* TRY IT:
Please retype all of the following entries exactly.

** Opening EXCERPTED DATA block **

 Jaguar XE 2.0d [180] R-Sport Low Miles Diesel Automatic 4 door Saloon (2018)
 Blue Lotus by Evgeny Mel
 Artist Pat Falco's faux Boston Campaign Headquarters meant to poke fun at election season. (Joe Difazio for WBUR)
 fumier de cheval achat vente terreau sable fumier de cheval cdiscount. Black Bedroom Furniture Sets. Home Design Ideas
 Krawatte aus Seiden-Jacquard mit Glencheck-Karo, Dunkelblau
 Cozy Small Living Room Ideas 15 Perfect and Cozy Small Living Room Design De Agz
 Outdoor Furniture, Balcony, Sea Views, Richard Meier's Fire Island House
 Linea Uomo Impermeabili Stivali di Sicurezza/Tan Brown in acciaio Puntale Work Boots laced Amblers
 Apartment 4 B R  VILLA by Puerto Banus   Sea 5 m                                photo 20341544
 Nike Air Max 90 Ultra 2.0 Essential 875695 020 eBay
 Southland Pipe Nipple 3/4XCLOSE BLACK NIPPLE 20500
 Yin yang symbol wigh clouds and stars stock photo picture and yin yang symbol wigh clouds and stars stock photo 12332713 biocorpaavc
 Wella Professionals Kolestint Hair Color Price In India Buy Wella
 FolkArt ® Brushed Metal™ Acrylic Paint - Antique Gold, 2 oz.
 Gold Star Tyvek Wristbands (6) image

** Closing EXCERPTED DATA block **

* SOLUTION:
 Jaguar XE 2.0d [180] R-Sport Low Miles Diesel Automatic 4 door Saloon (2018)
 Blue Lotus by Evgeny Mel
 Artist Pat Falco's faux Boston Campaign Headquarters meant to poke fun at election season. (Joe Difazio for WBUR)
 fumier de cheval achat vente terreau sable fumier de cheval cdiscount. Black Bedroom Furniture Sets. Home Design Ideas
 Krawatte aus Seiden-Jacquard mit Glencheck-Karo, Dunkelblau
 Cozy Small Living Room Ideas 15 Perfect and Cozy Small Living Room Design De Agz
 Outdoor Furniture, Balcony, Sea Views, Richard Meier's Fire Island House
 Linea Uomo Impermeabili Stivali di Sicurezza/Tan Brown in acciaio Puntale Work Boots laced Amblers
 Apartment 4 B R  VILLA by Puerto Banus   Sea 5 m                                photo 20341544
 Nike Air Max 90 Ultra 2.0 Essential 875695 020 eBay
 Southland Pipe Nipple 3/4XCLOSE BLACK NIPPLE 20500
 Yin yang symbol wigh clouds and stars stock photo picture and yin yang symbol wigh clouds and stars stock photo 12332713 biocorpaavc
 Wella Professionals Kolestint Hair Color Price In India Buy Wella
 FolkArt ® Brushed Metal™ Acrylic Paint - Antique Gold, 2 oz.
 Gold Star Tyvek Wristbands (6) image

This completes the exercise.